Top of Provided data

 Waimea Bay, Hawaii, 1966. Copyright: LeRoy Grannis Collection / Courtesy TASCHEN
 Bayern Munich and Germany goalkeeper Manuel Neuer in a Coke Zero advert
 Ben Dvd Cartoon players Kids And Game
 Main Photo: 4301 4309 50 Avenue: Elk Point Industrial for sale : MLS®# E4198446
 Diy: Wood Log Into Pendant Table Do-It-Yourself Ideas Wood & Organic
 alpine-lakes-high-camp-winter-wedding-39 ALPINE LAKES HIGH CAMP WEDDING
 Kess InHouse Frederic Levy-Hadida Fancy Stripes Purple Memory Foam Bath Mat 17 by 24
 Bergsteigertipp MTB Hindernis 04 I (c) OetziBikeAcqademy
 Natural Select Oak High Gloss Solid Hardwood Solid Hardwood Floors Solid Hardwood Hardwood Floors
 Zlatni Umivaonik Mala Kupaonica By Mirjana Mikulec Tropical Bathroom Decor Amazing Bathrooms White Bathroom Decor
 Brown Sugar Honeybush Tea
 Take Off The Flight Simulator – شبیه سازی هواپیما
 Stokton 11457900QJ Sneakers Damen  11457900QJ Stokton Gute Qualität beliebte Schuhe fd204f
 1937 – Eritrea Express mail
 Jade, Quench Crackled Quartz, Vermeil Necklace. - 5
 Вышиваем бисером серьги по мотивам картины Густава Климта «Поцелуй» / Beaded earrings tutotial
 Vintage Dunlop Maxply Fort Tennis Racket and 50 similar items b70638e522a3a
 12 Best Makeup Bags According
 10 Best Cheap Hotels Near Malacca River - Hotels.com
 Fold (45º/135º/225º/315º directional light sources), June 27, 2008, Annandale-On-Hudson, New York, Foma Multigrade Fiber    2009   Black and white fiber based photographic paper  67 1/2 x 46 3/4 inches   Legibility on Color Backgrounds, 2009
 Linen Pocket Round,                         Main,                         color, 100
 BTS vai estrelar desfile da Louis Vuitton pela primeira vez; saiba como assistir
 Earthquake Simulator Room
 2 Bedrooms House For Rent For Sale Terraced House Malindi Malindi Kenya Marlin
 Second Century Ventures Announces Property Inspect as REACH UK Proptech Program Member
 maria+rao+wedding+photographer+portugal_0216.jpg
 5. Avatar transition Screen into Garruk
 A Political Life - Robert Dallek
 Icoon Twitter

Bottom of Provided data

Task
Up to and including the line that holds "12 Best Makeup Bags According", reproduce the records above exactly from their first line, and give nothing else.

Solution for this problem
 Waimea Bay, Hawaii, 1966. Copyright: LeRoy Grannis Collection / Courtesy TASCHEN
 Bayern Munich and Germany goalkeeper Manuel Neuer in a Coke Zero advert
 Ben Dvd Cartoon players Kids And Game
 Main Photo: 4301 4309 50 Avenue: Elk Point Industrial for sale : MLS®# E4198446
 Diy: Wood Log Into Pendant Table Do-It-Yourself Ideas Wood & Organic
 alpine-lakes-high-camp-winter-wedding-39 ALPINE LAKES HIGH CAMP WEDDING
 Kess InHouse Frederic Levy-Hadida Fancy Stripes Purple Memory Foam Bath Mat 17 by 24
 Bergsteigertipp MTB Hindernis 04 I (c) OetziBikeAcqademy
 Natural Select Oak High Gloss Solid Hardwood Solid Hardwood Floors Solid Hardwood Hardwood Floors
 Zlatni Umivaonik Mala Kupaonica By Mirjana Mikulec Tropical Bathroom Decor Amazing Bathrooms White Bathroom Decor
 Brown Sugar Honeybush Tea
 Take Off The Flight Simulator – شبیه سازی هواپیما
 Stokton 11457900QJ Sneakers Damen  11457900QJ Stokton Gute Qualität beliebte Schuhe fd204f
 1937 – Eritrea Express mail
 Jade, Quench Crackled Quartz, Vermeil Necklace. - 5
 Вышиваем бисером серьги по мотивам картины Густава Климта «Поцелуй» / Beaded earrings tutotial
 Vintage Dunlop Maxply Fort Tennis Racket and 50 similar items b70638e522a3a
 12 Best Makeup Bags According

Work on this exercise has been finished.